Ostensibly, the 2020 Academy Award-winning South Korean film “Parasite” seems to depict the problems of a polarized society here, sharply divided between the rich and the poor. That was why Korean left-wing politicians hailed the movie as a victory of socialism over capitalism and tried to use the movie’s international recognition for political gain so that they can win the upcoming election in April.
After watching the movie, however, viewers realize that such a view is only partially right. Indeed, in “Parasite” there is no conspicuous conflict between the rich and the poor. On the contrary, if anything, the rich Park family tries to help the poor Kims, who are happy savoring the extravagant lifestyle available at Parks’ luxurious mansion.
However, their peace is shattered when they encounter a man in the basement bunk of the mansion. The man turns out to be the former housekeeper’s husband who is hiding from his creditors. While the two poor families clash and try to eliminate each other, they all go down, dragging even the benevolent rich family into total destruction.

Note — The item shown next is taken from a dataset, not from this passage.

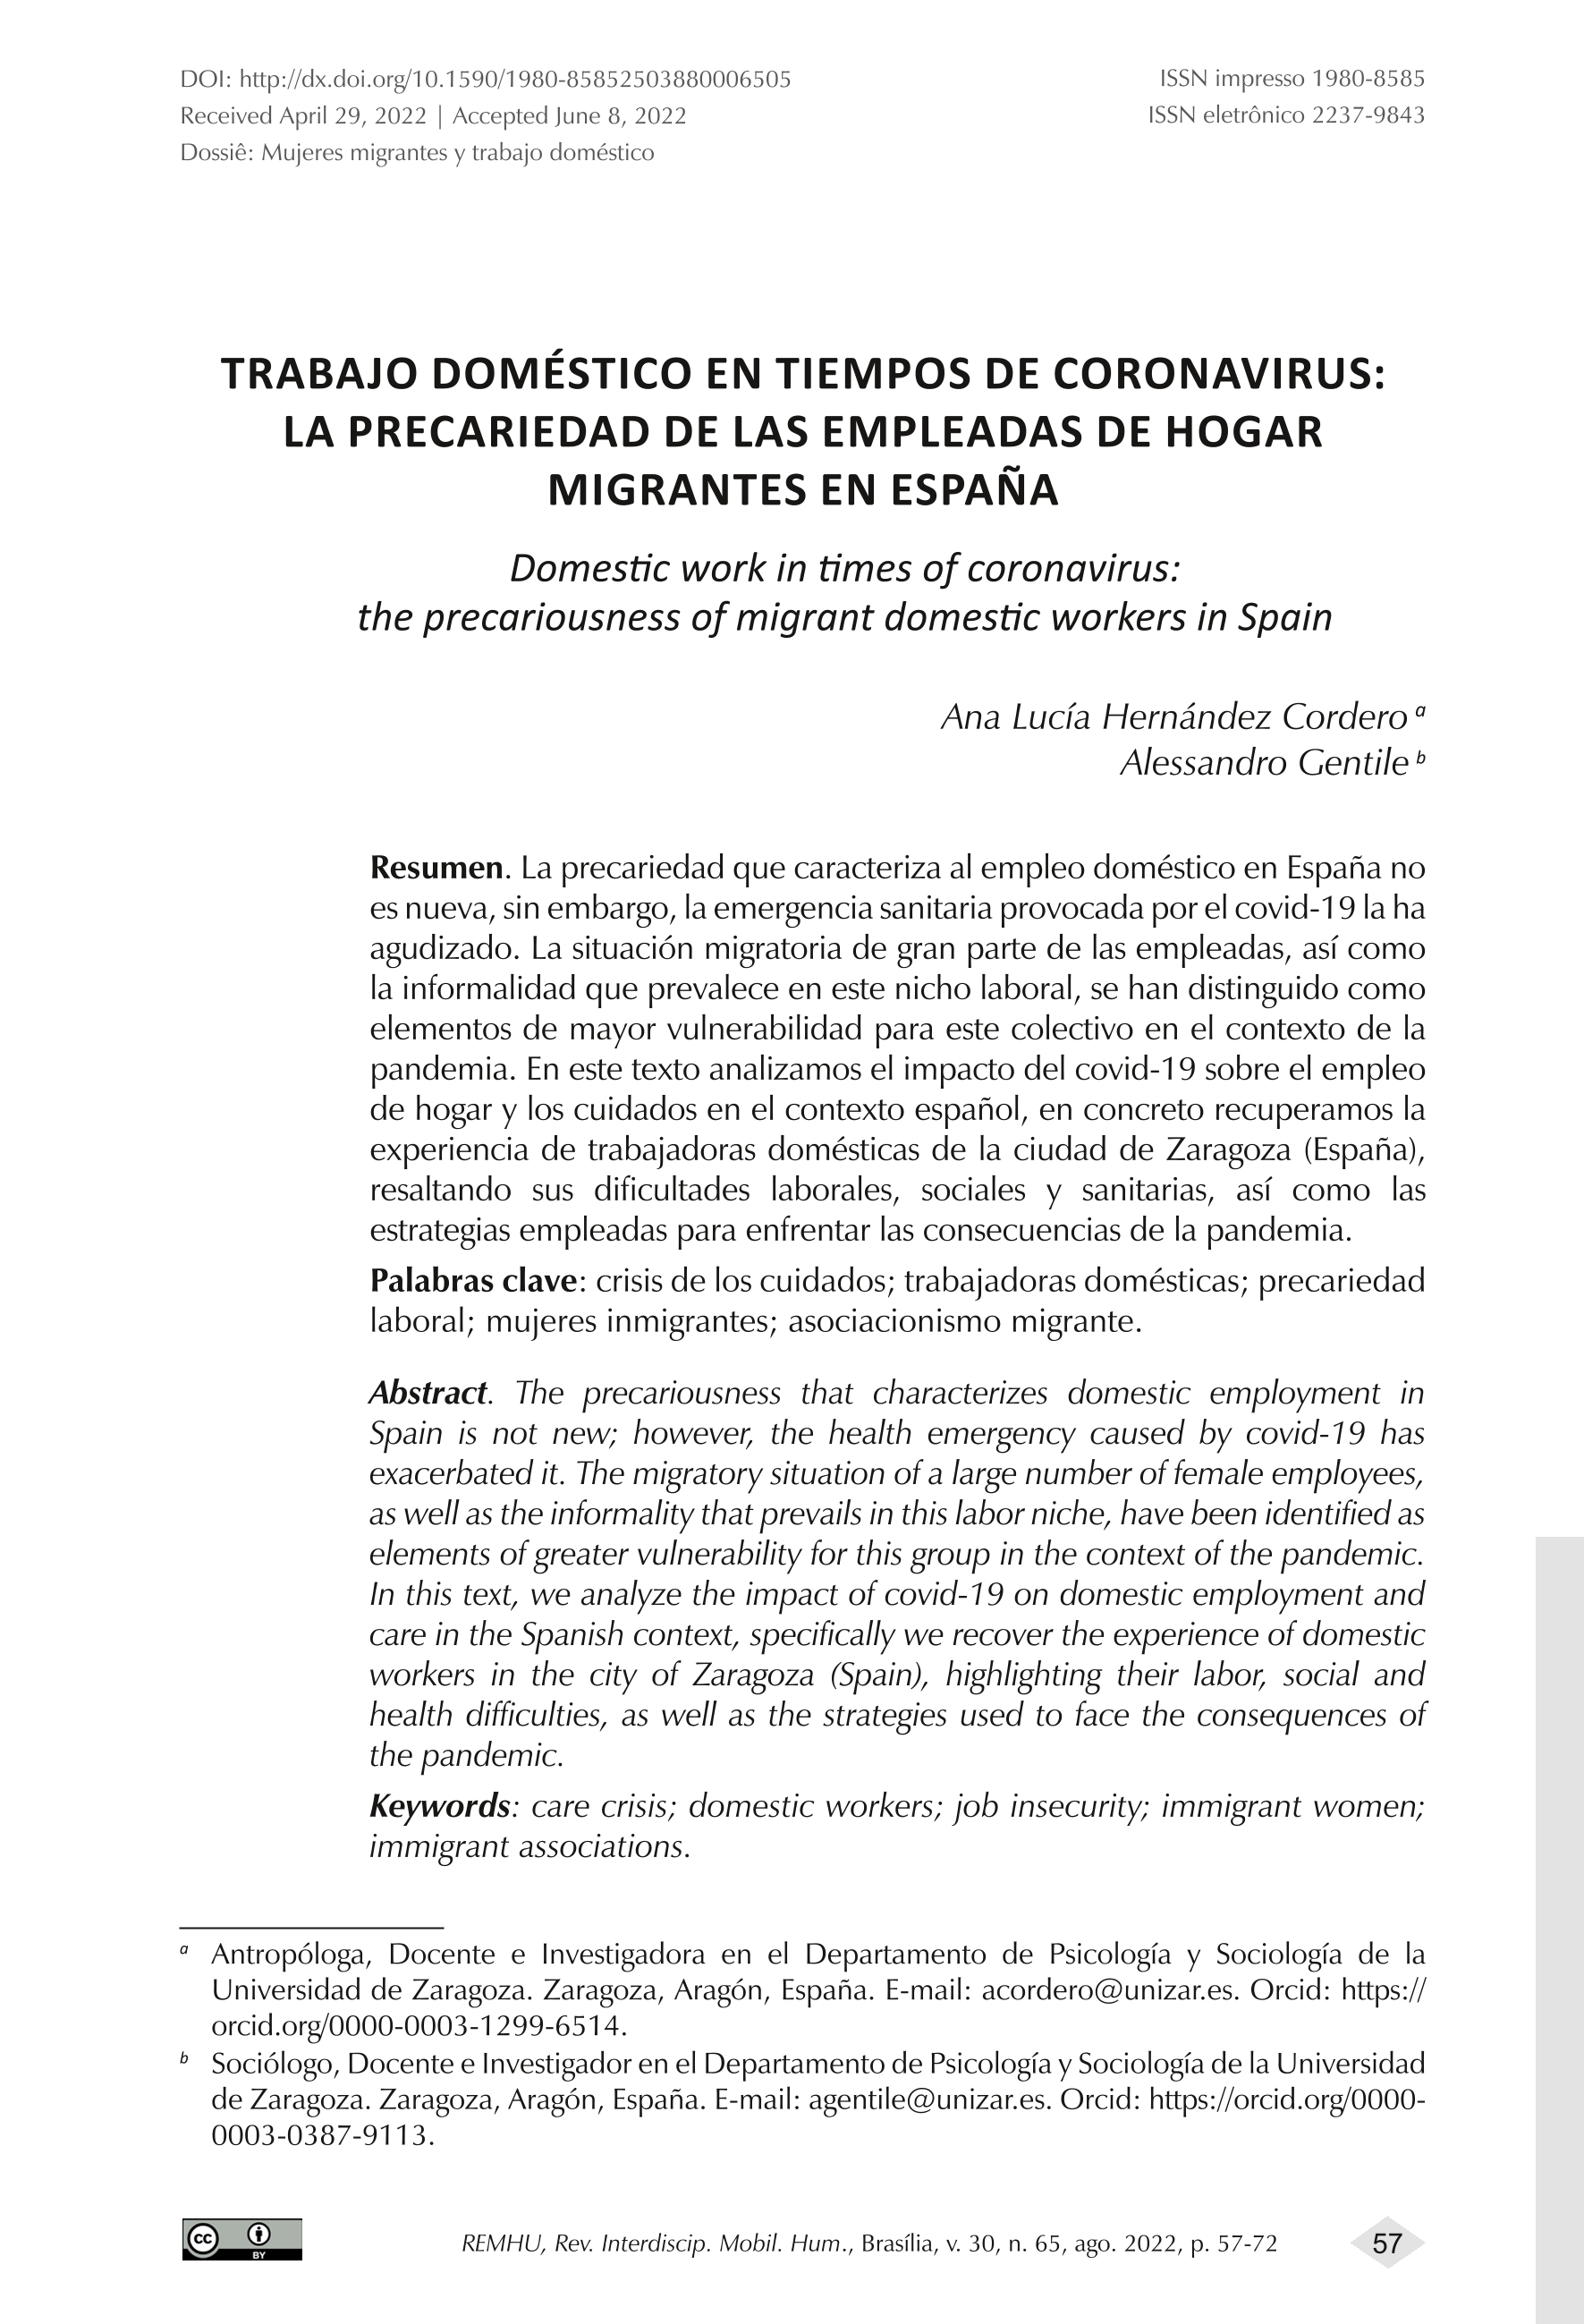 Trabajo doméstico en tiempos de coronavirus: la precariedad de las empleadas de hogar migrantes en España

Parasite is a hilarious comedy or a tragicomedy about a poor family’s plot to climb the ladder of social and financial ascension that ends in tragedy. While watching the movie, viewers cannot but help laugh at numerous funny scenes and witty dialogues up until the ending credits. The sad thing is that the poor Kim family’s scheme to take over the Park’s mansion is doomed to fail because it accommodates forgery, fraud and slander, not conscientious hard work.
Their caper begins as Kim Ki-woo fakes a university certificate to pretend he is a college student so that he can get a part-time job as an English tutor for a daughter of the Park family. Then, gradually, the Kim family hatches a plot to infiltrate the home of the Parks. First, Ki-woo recommends his sister Ki-jung to Mrs. Park, who does not know their relation, to be an art therapist for her young son. Then Ki-jung recommends her father Ki-taek to be the Park family’s chauffeur. Ki-taek, in turn, recommends his wife Chung-sook to be the housekeeper of the Park family, all under false pretenses and fake names.
In order to take over the home of the Parks, the Kim family maliciously slanders the chauffeur and housekeeper who originally work for the Park family. Due to the Kim family’s wicked conspiracy, the two innocent people lose their jobs. In order to step up financially, the Kim family does not hesitate to step on other poor people ruthlessly. Yet, they have neither remorse nor a sense of guilt for their immoral behavior.
In “Parasite,” the poor Kims are perpetrators and the rich Parks are victims. The poor are avaricious and malevolent, whereas the rich are gullible and benevolent. Indeed, the Parks never attempt to do any harm to the poor Kim family. In this movie, the poor family exploits the rich one, not the other way around. Therefore, “Parasite” is the inversion of socialism or Marxism, not a praise for it. Indeed, it takes the side of neither the poor nor the rich. Rather, it exhibits a mutually dependent relationship between the rich and the poor, or between the host and the parasite.
The conversation between Ki-taek and Chung-sook illuminates the situation. To her husband Ki-taek who says, referring to Mrs. Park, “She is rich, but still nice,” Chung-sook replies, “Not ‘rich’ because she is nice. ‘Nice’ because she is rich.” Then, Ki-taek agrees, “Rich people are nice and have no resentment.” These dialogs highlight the underlying themes of “Parasite”; “It is unethical to become a parasite by taking advantage of the host’s innocence and naiveté. It is also immoral to destroy other competing parasites ruthlessly. Finally, if the host dies, parasites die, too.”
The poor Kims daydream that they can take over Park’s luxury mansion someday through marriage. Unfortunately, their daydream cannot come true due to the conflict between the two poor families who live in the semi-basement and in the basement bunker, respectively. The outcome is the destruction of the three families including the rich one. At the end of the movie, a German family purchases the Parks’ mansion. Perhaps the lesson is that if we deceive, slander and fight each other, our society will crumble and foreigners will take over our country.
At the end of “Parasite” Ki-taek, after killing Mr. Park, escapes to the basement bunker of the Parks’ mansion. There he remains a hidden parasite, scavenging food from the refrigerator and sends a message in Morse code to his son. Reading the code, Ki-woo is determined to make money and purchase the mansion to set his father free someday.
In order to avert the inevitable annihilation of our society, we should strive to live together peacefully, helping and caring for each other. Surely, that is the lesson we should learn from “Parasite” and that is what makes this Academy Award-winning movie so great.
Kim Seong-kon is a professor emeritus of English at Seoul National University. -- Ed.